The man that I'm refering to has been through hell and back and I'm not quite sure what to do, how to approach this, or if I even should. 

He's 32 (I'm 24) and he's been a cop since he was 19 and a reservist in the Marine Corps since he was 17/18 ish. He was called to active duty where he served for quite a while in combat. 

During his time over there (roughly 6 years ago), he was injured by an explosion that sent him home with more than just physical scars. He suffers from PTSD (mostly nightmares) and when he had returned his girlfriend left him because she couldn't take his scars and nightmares (her cheating also was a factor). Needless to say, he distanced himself from pretty much every woman that showed interest. His best friend, whom I'm very close to, says that he wants nothing to do with women in general and that he's very insecure about his scars and everything else. He basically threw himself into work earning him a very good reputation amongst other officers.

But.....theres a wee bit more...

When he came back he was offered a temporary position at the academy as an instructor (this is how I met him) to get back on his feet before going back on the streets. He was my instructor...well one of my instructors. He was always very cold and hard on me more than the other women. I called him out on it once and I'm pretty sure I stunned him (I'm normally a very nice person but I'll be honest by saying I was an utter b*tch to him). I had always had a feeling about him since I met him but kept it hidden in the back of my brain for a while. 

After I graduated, we both were transfered to the same department but had not spoken much at first...just casual looks for a while and years later we've become semi-familar with each other (he's still guarded). Just recently, my girl friends and I had gone out to celebrate one of their birthdays when I was caught in a bit of a crunch. I went to the bar to order more drinks when a guy started hitting on me pretty aggressively to the point of grabbing on my wrist pretty roughly. My friend and my instructor were with some other cop friends and saw the whole thing. He came over, grabbed the guy by the collar, and pulled a 'marine' on him before I could even react. The creep left and he asked me if I was alright but I was still in a bit of a shock.

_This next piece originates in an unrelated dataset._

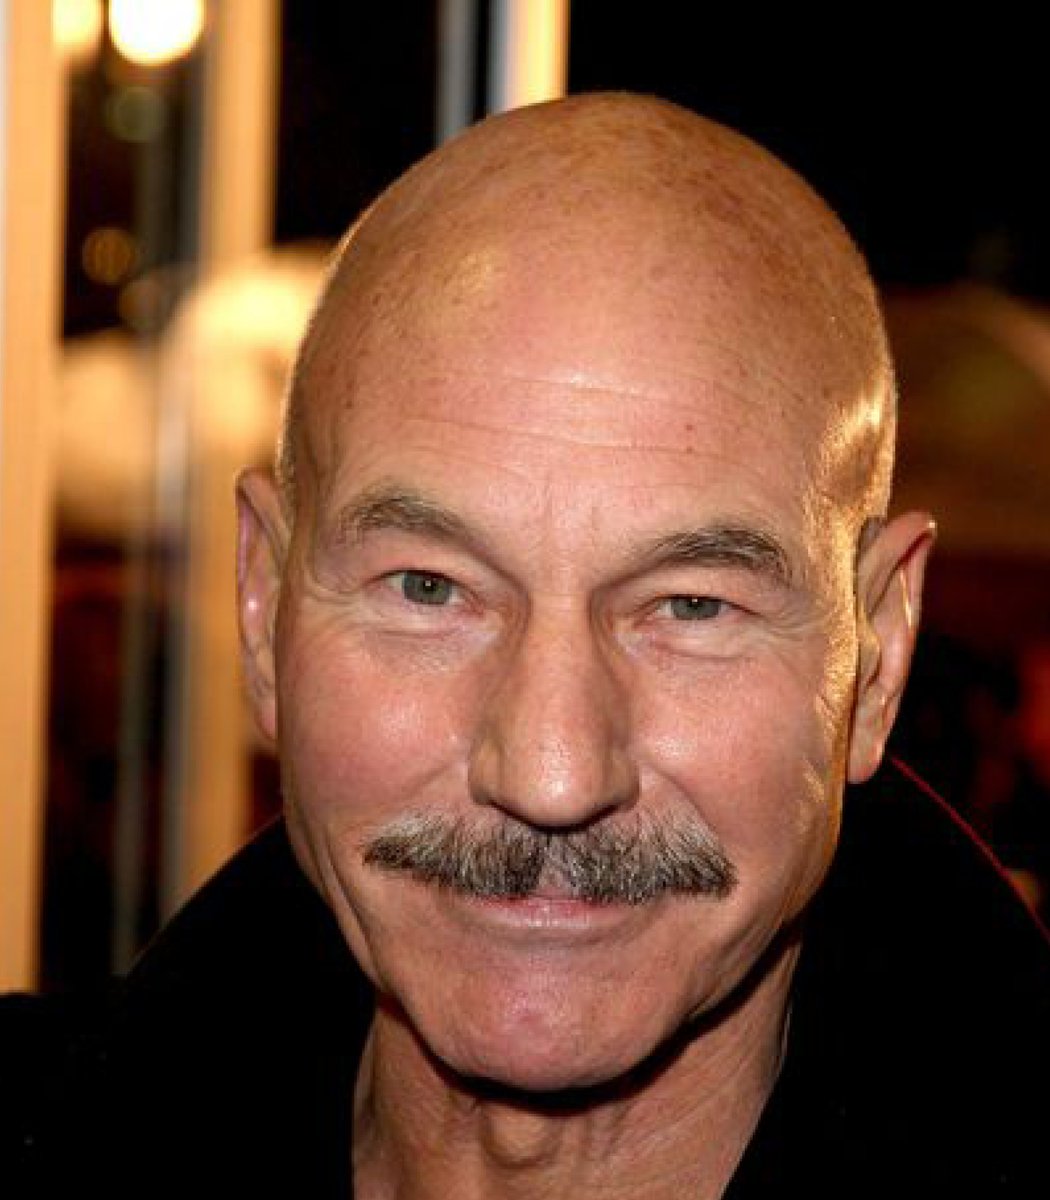 Patrick Stewart as objects in our collection — a thread @SirPatStew

He was extremely caring and held my wrist for a little bit to check it but was immediately embarrassed and left pretty quick after that. When I talked to his best friend later he said he was surprised to see that side from him again.

This isn't the only incident where something like this has happened. He's known for being a hard ass while most of the guys seem to think of me as their counselor or mother since I usually bring them baked goods and stuff (donuts baby lmao) But every so often I catch a soft glance from him, which I return with a smile. I just don't know what to do?!?!?! I'm so clueless. I've never been in a serious relationship before and I'm one of those girls who if you date its intended to be long term. But I know that how I feel about him isn't something that I can easily ignore anymore. I just wish he would let go of some of his insecurities because I know that he's truely a great guy.

Well...thats all for tonight. Off to work for me... 

I also wanted to thank Littledevil83 for your friendship and advice!!!


----------



## unbelievable (Aug 20, 2010)

Dating is just dating. It's a selection and "get to know" process. Marriage is long term. You haven't even gone out with this guy and he's not given you any indication he's even interested in dating you, let alone having anything long term. This guy is a Marine and a police officer. In the bar, he responded as a Marine and a cop would. I would have done the same and I've never laid eyes on you. As your instructor and as a fellow cop, it's only natural that he'd protect you. That's what we do. Maybe he's interested in you romantically. Maybe he's interested in you sexually. Maybe he just sees you as another student or another cop or a nice woman.
Why don't you just ask this guy out? I wouldn't run up and tell him that you have heavy feelings for him and are kinda thinking about a long term thing. That approach even scares combat hardened Marines.


----------



## Wisp (Jul 17, 2010)

If he is single, your single and he is available and willing please do follow your heart. Slow, gentle steps, the man will open up to someone he likes. Lots of talking from you, eventually you must tell him how you feel. Respect his wishes if he wants you to step back. Do not let yourself get to embroiled as it will hurt if he says no. 

Normally one of the golden rules is do not date a work colleague.

I have been in an unfortunate position where in a tense moment the reaction of man A to protect lady B almost took my whole unit out. Rational thinking goes out of the window if you are close to each other and have to work in close proximity, especially in your line of work.


----------